- [EXERCISE PROMPT] In the records below, find the line that contains "Flambeau Large Mesh" and the line that contains "EzyRoller: for Ride-On"; write out exactly those two lines and everything between them, without the pictures.

Top of RECORDED INFORMATION

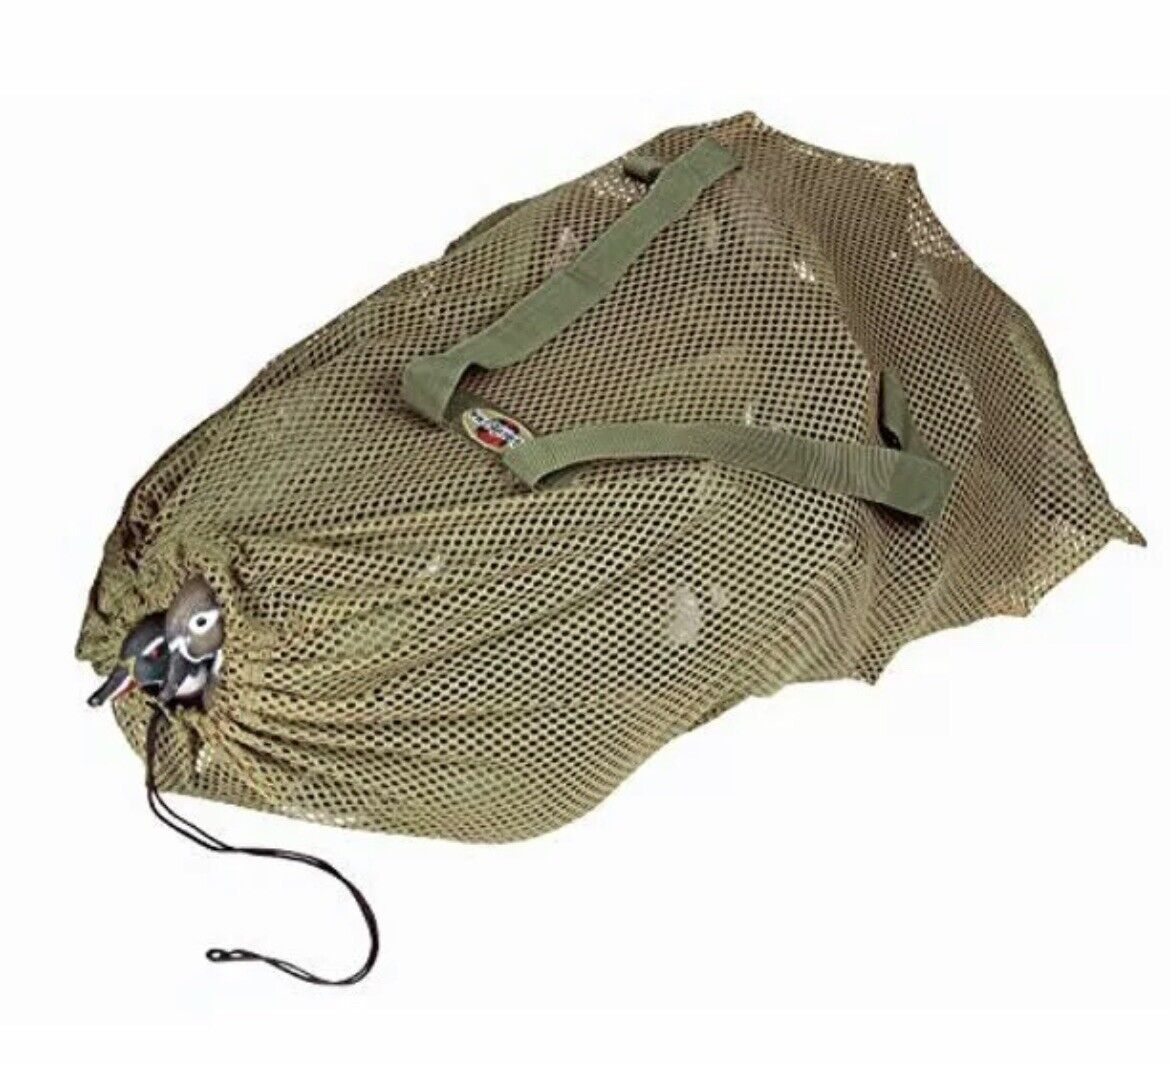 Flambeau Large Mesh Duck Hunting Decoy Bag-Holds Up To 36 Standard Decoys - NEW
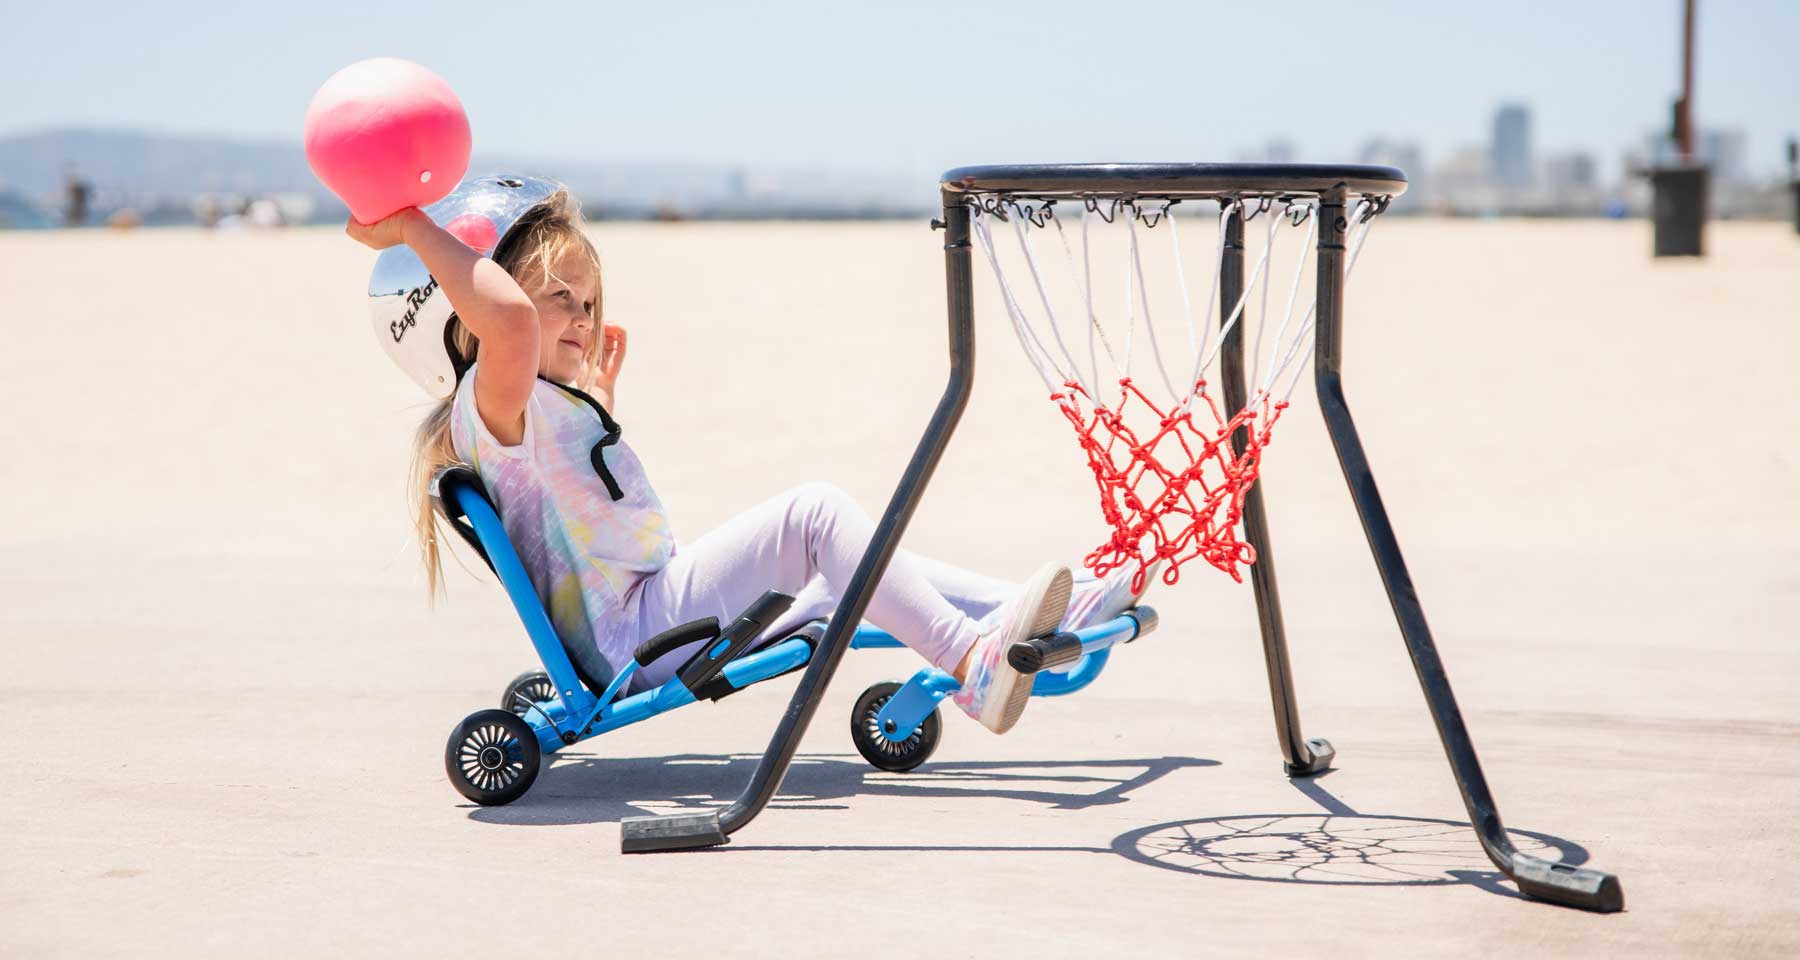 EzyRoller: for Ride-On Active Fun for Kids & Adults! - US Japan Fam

Bottom of RECORDED INFORMATION
Top of RECORDED INFORMATION

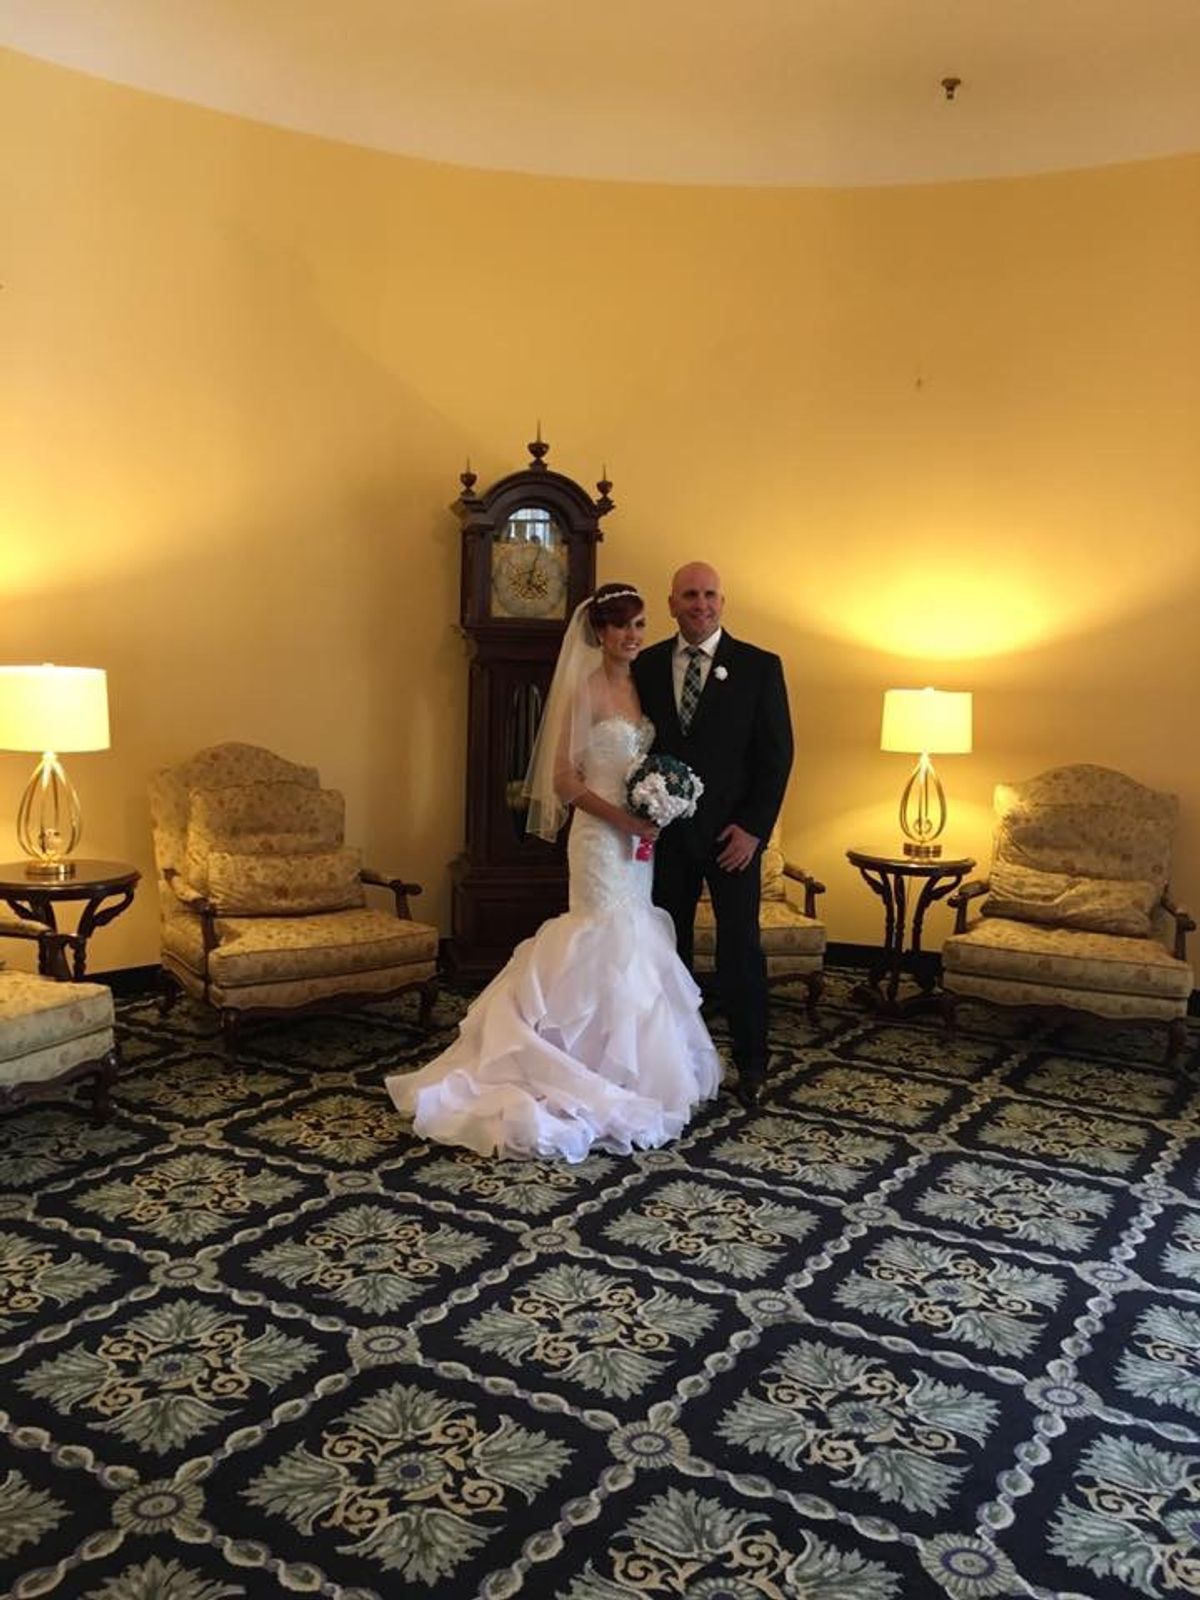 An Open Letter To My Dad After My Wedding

Bottom of RECORDED INFORMATION
Top of RECORDED INFORMATION

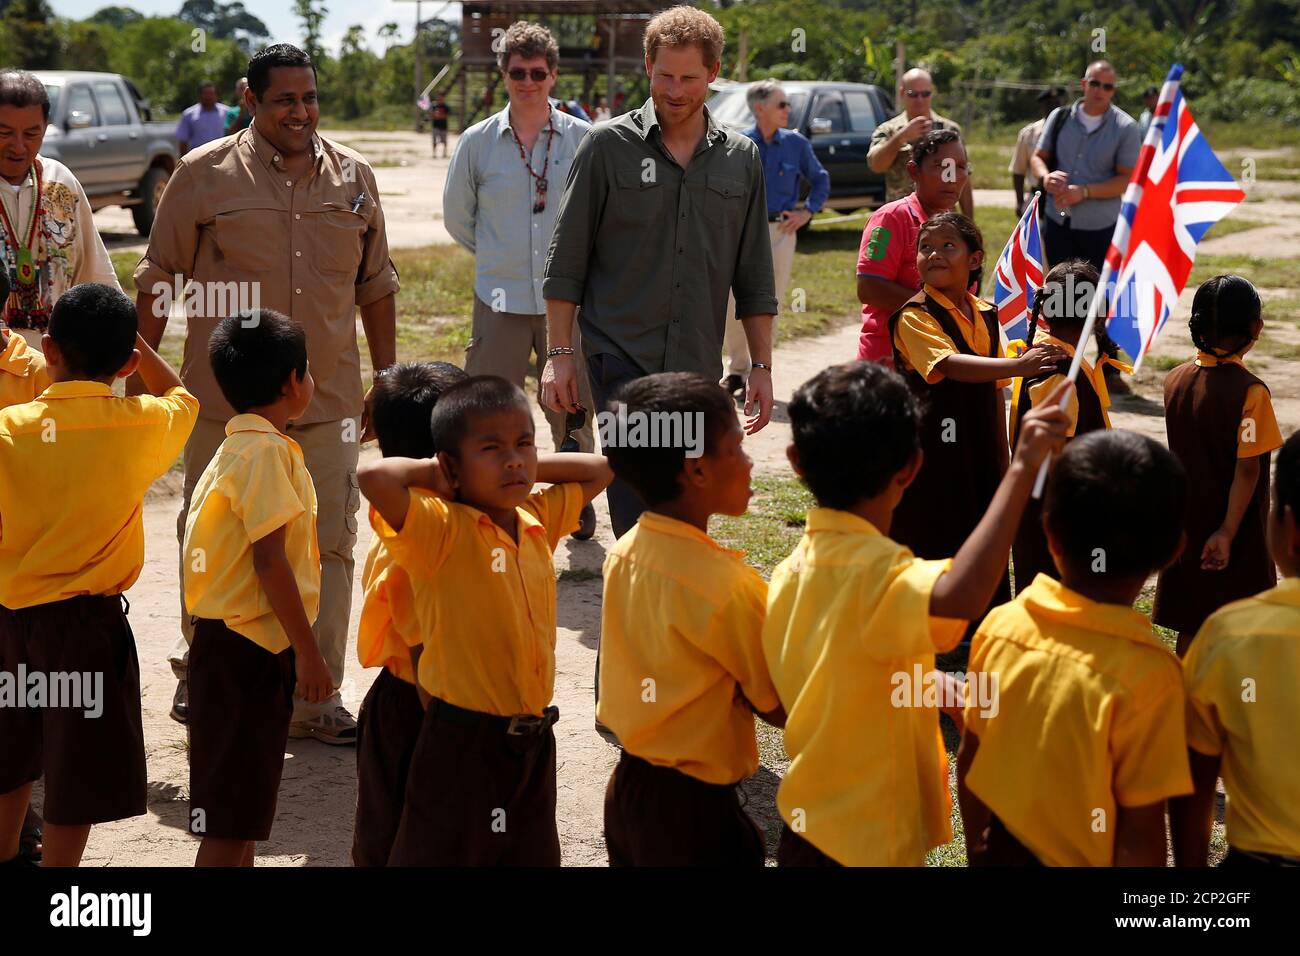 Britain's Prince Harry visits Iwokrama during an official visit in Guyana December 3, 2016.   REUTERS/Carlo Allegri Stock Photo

Bottom of RECORDED INFORMATION

- [FINAL ANSWER]
 Flambeau Large Mesh Duck Hunting Decoy Bag-Holds Up To 36 Standard Decoys - NEW
 EzyRoller: for Ride-On Active Fun for Kids & Adults! - US Japan Fam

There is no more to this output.